#### About this exercise:
Could you set down every entry exactly as it stands, without the images?

[[ Data for review open ]]

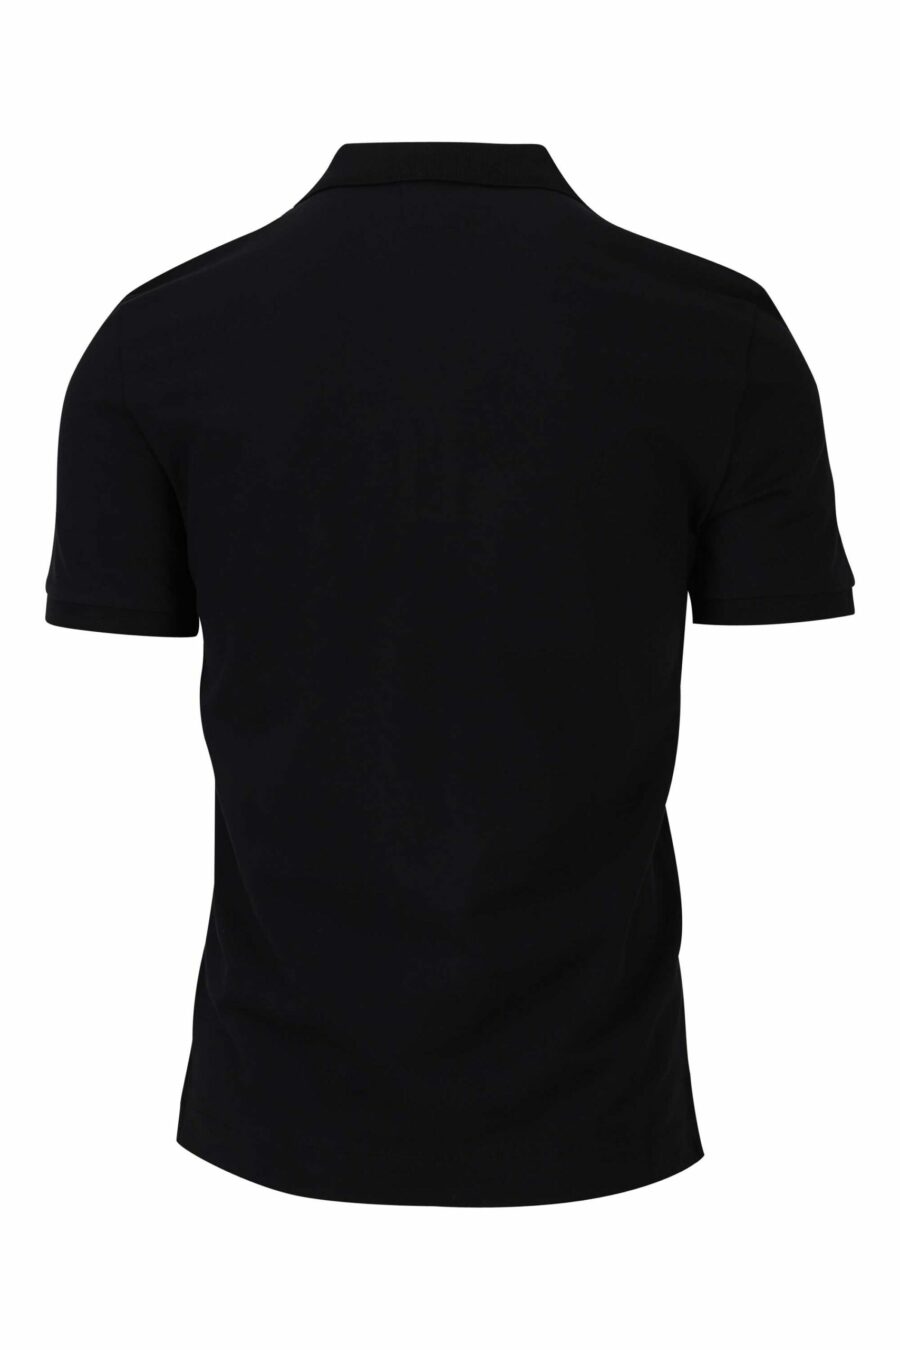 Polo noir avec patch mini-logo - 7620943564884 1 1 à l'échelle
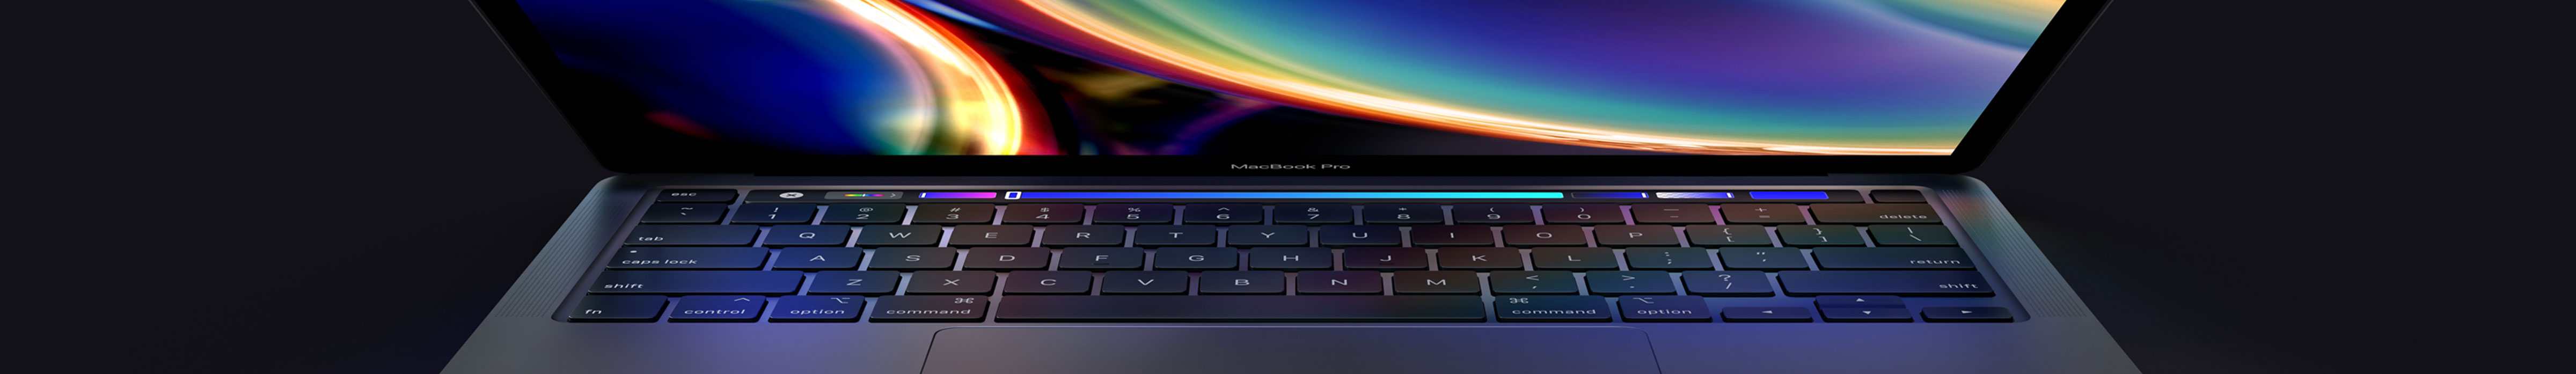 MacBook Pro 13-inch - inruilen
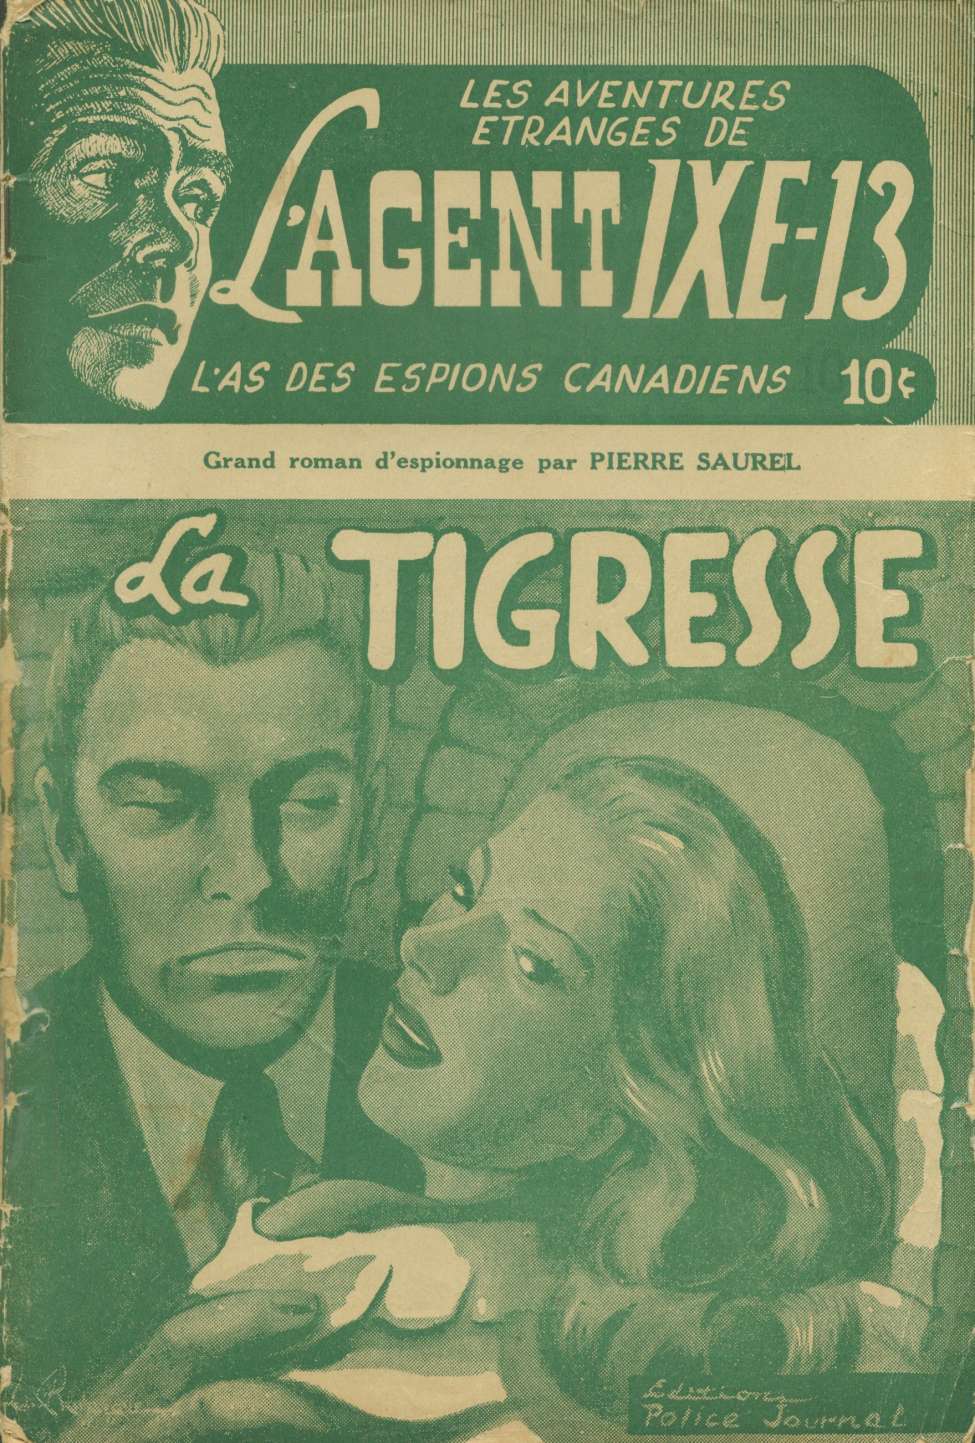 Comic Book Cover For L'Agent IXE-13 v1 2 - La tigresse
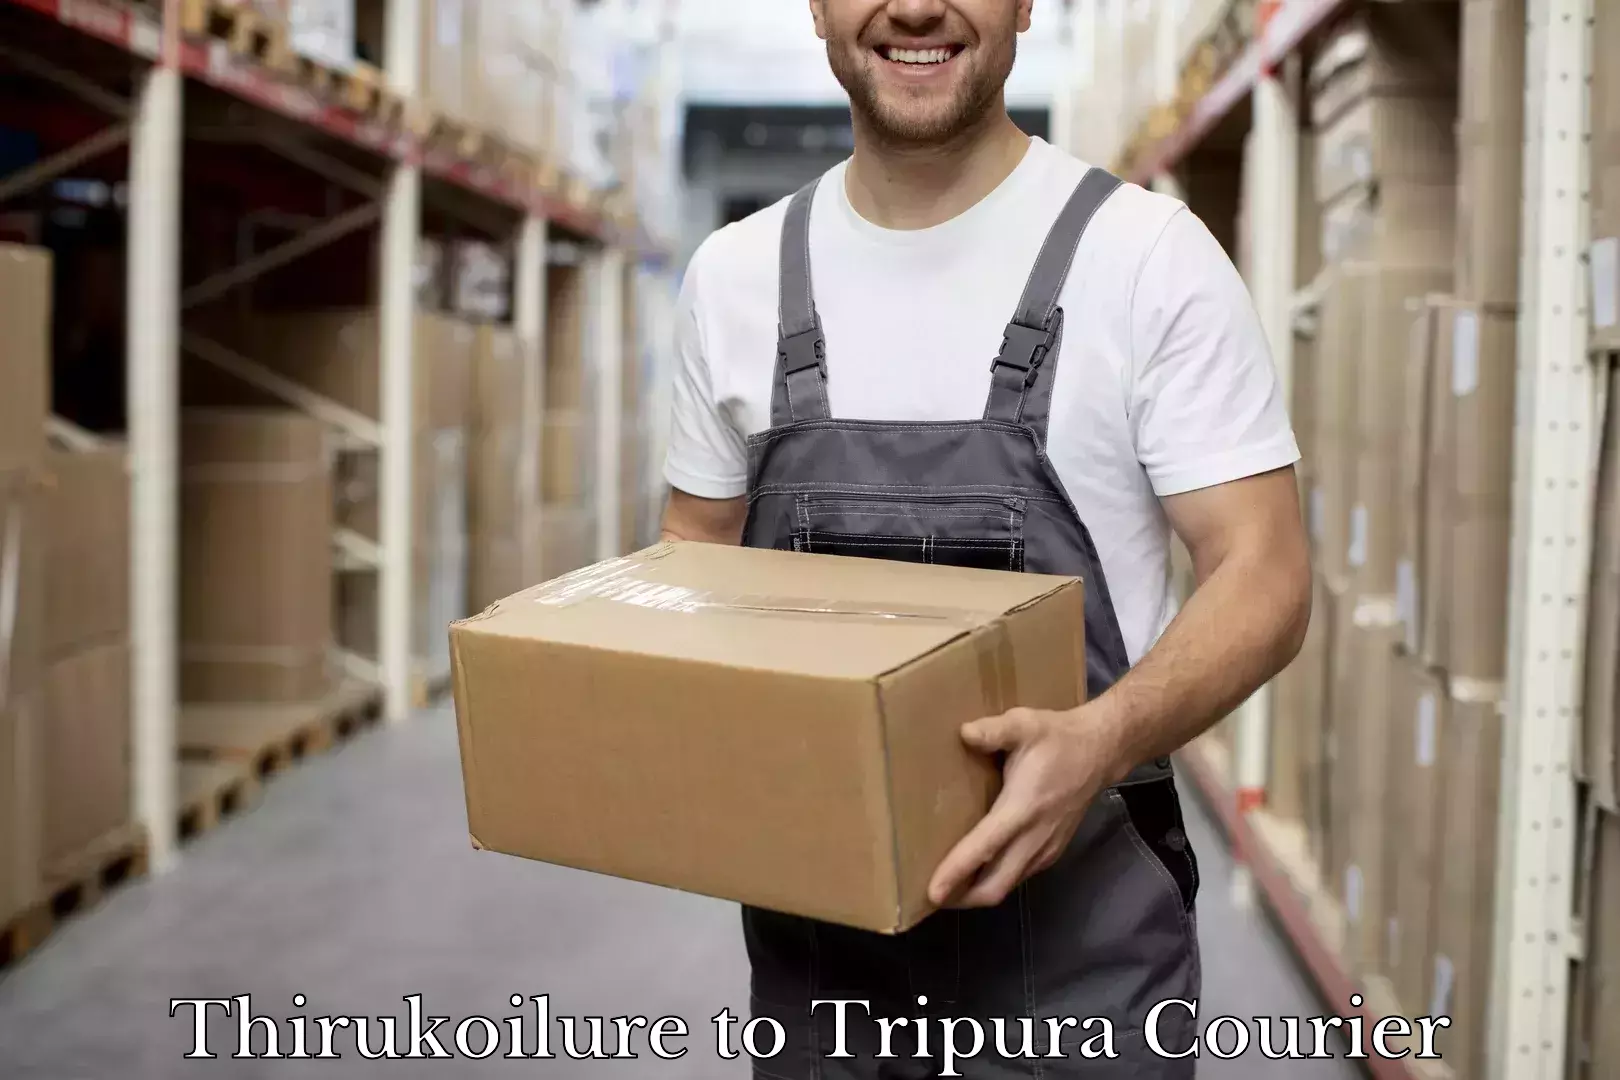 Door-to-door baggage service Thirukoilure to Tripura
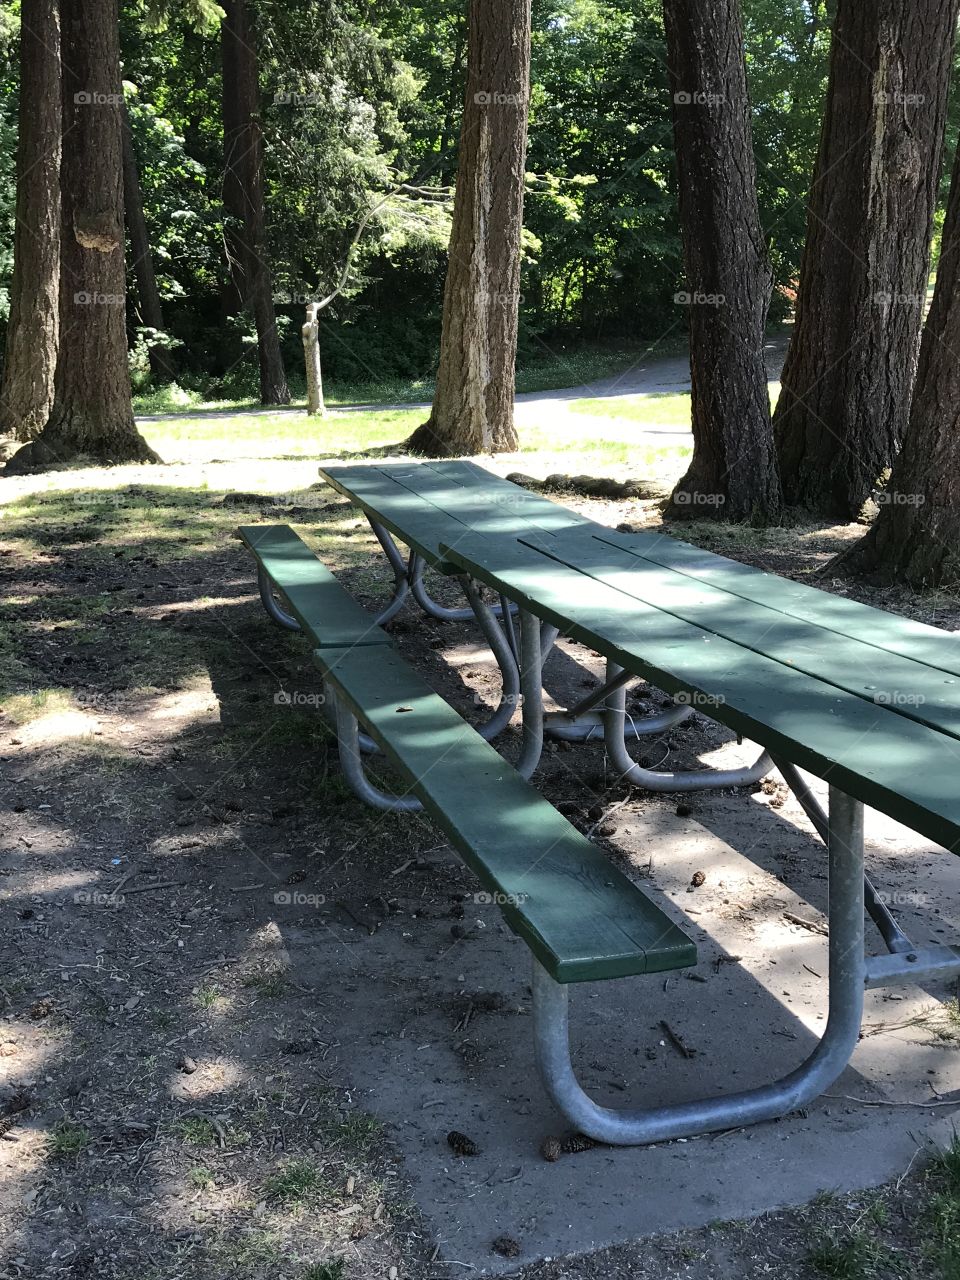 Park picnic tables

[[ Data for review closed ]]

#### Your solution:
 Polo noir avec patch mini-logo - 7620943564884 1 1 à l'échelle
 MacBook Pro 13-inch - inruilen
 Comic Book Cover For L'Agent IXE-13 v1 2 - La tigresse
 Door-to-door baggage service Thirukoilure to Tripura
 Park picnic tables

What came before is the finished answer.